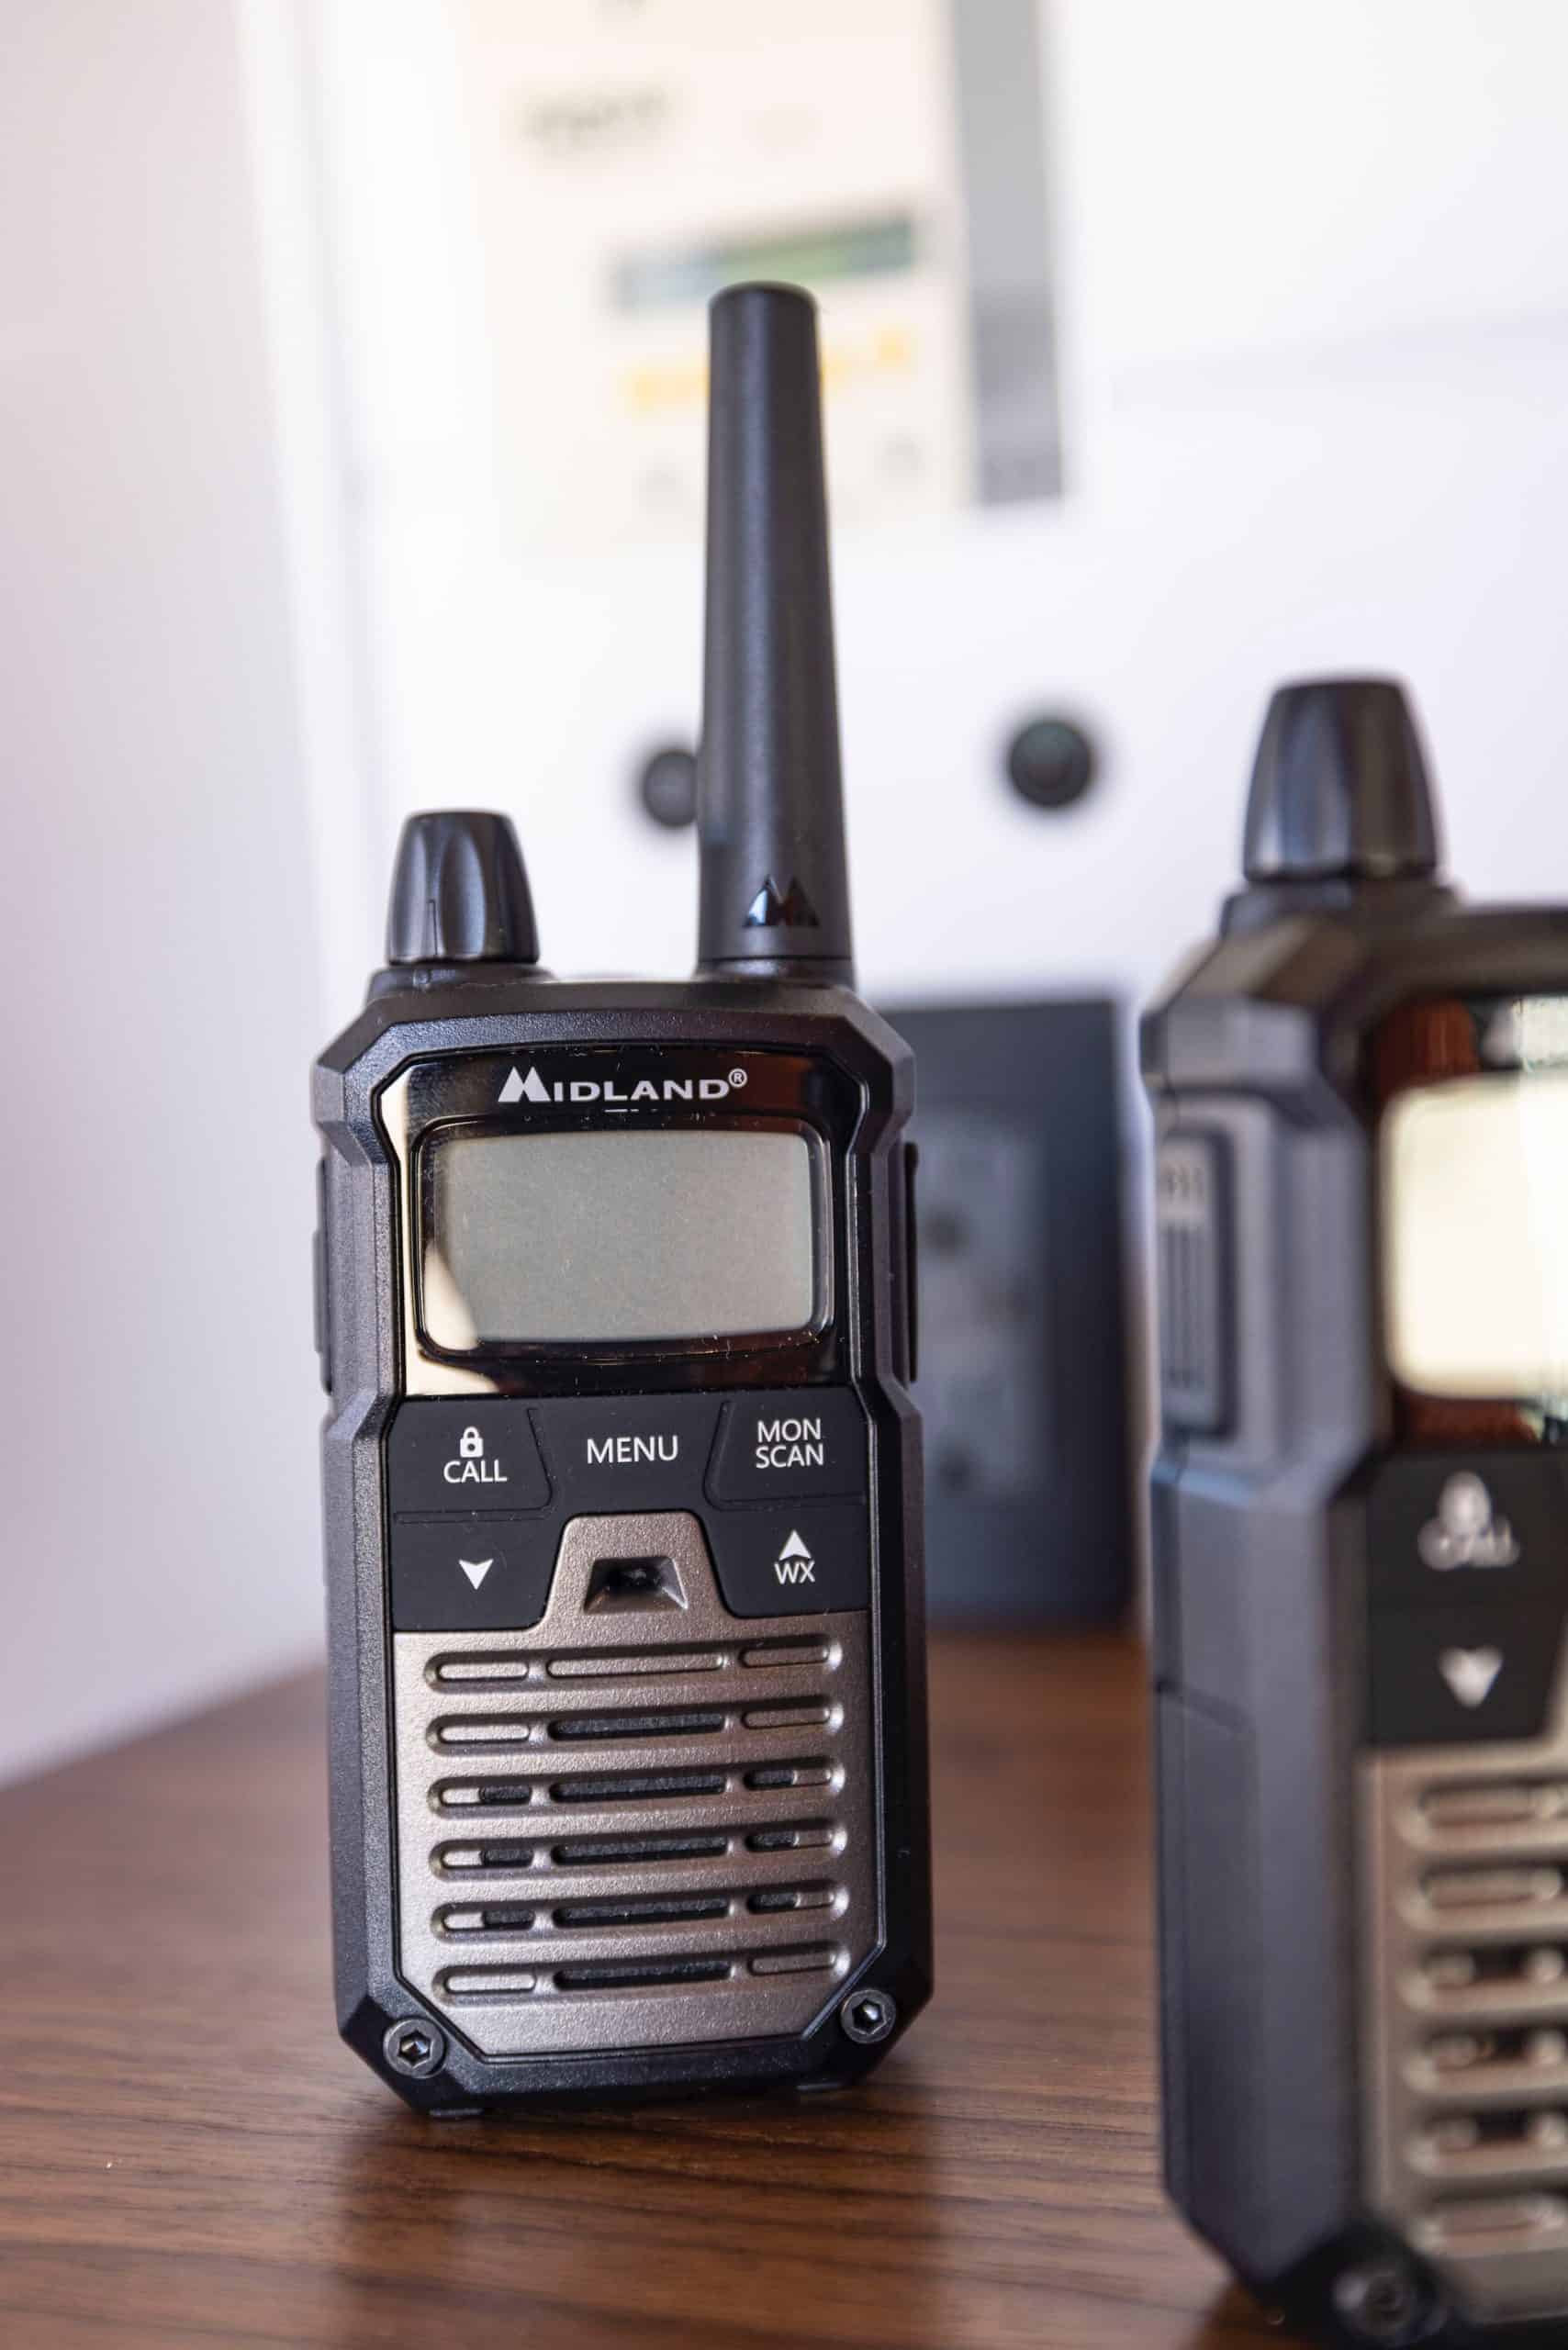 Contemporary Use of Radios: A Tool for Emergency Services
...
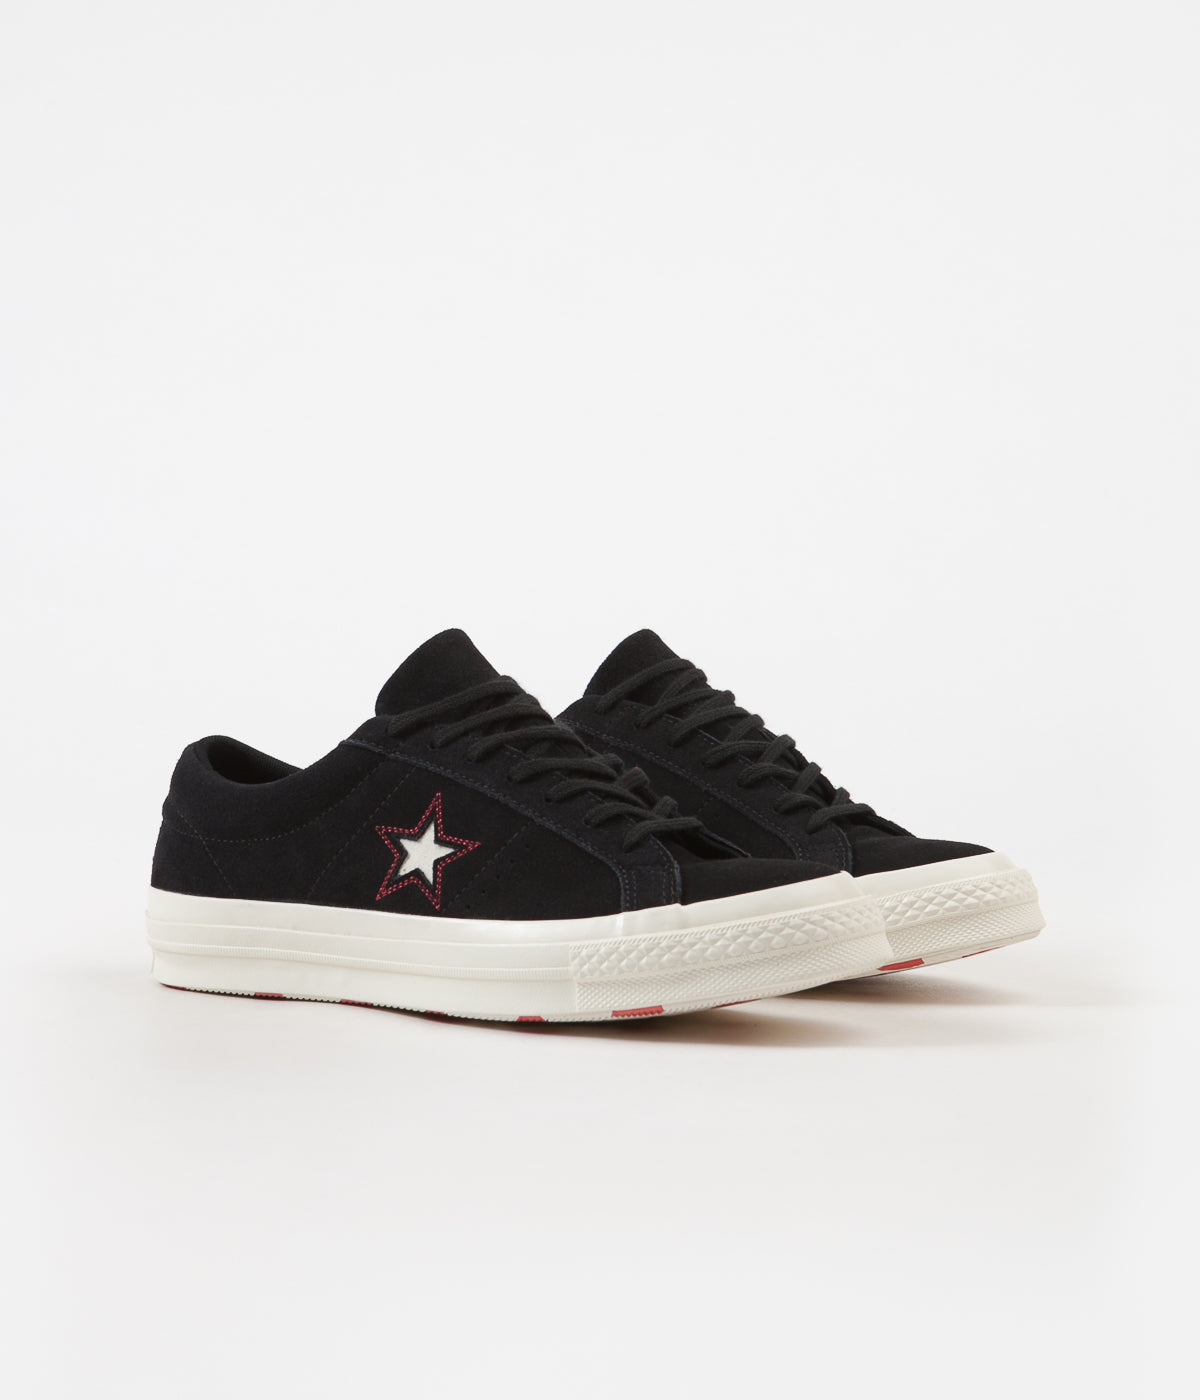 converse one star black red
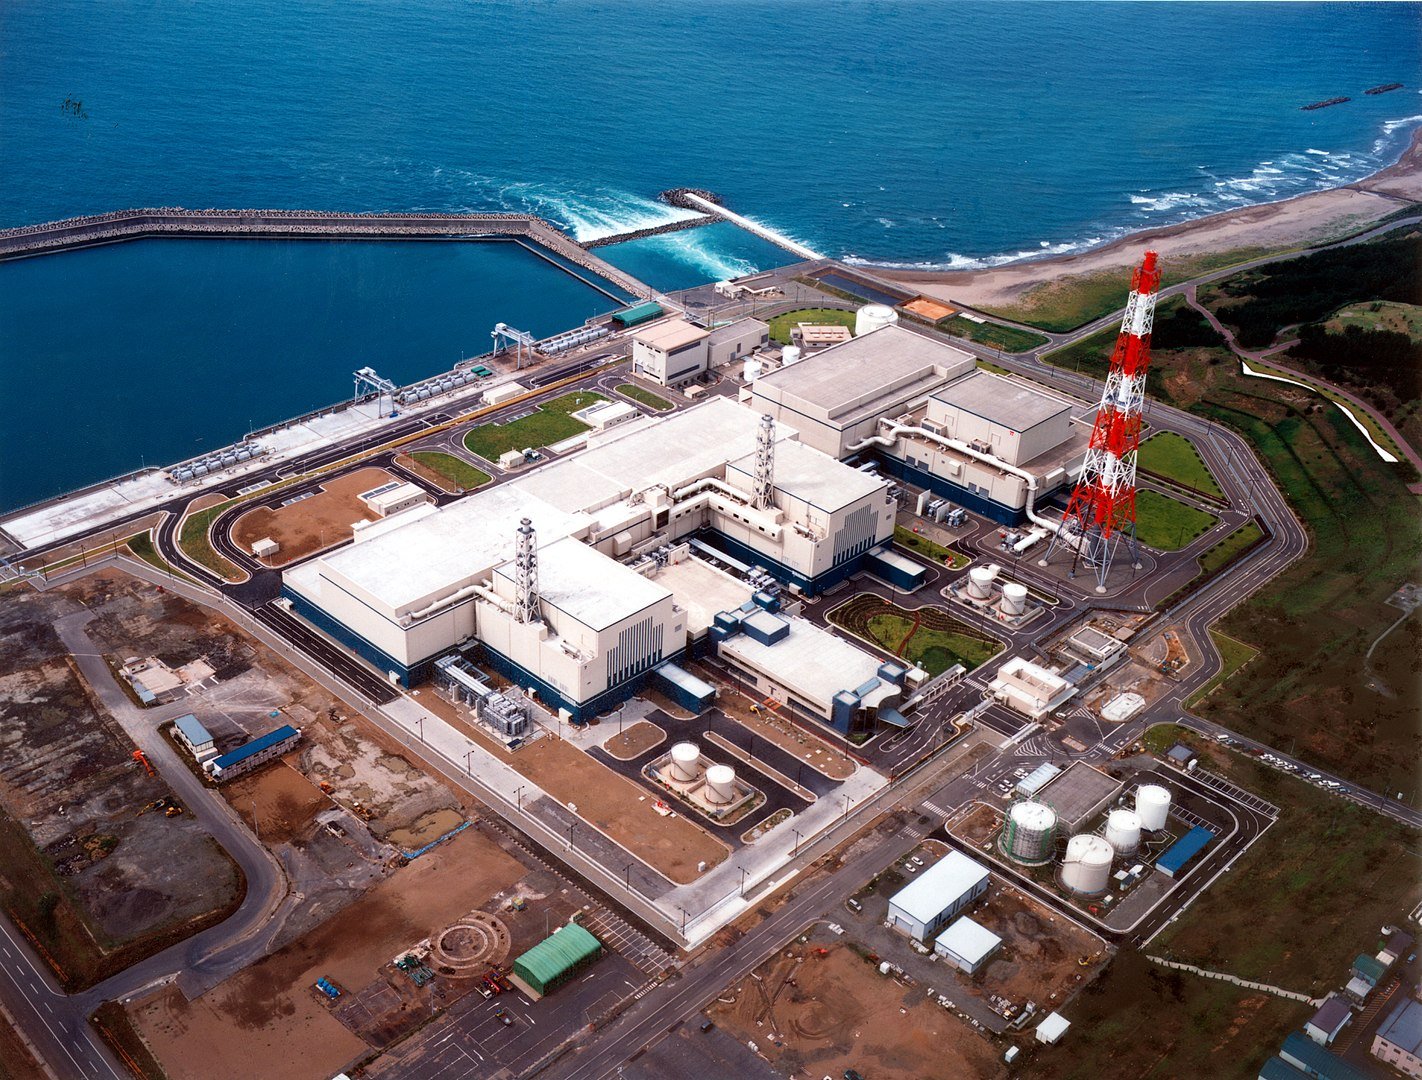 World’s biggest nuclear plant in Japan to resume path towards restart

Exercise brief:
Among the records above, locate the line containing "converse one star black red" and the line containing "World’s biggest nuclear", then transcribe exactly the lines starting at the first and ending at the second, with no pictures.

Finished task:
 converse one star black red
 World’s biggest nuclear plant in Japan to resume path towards restart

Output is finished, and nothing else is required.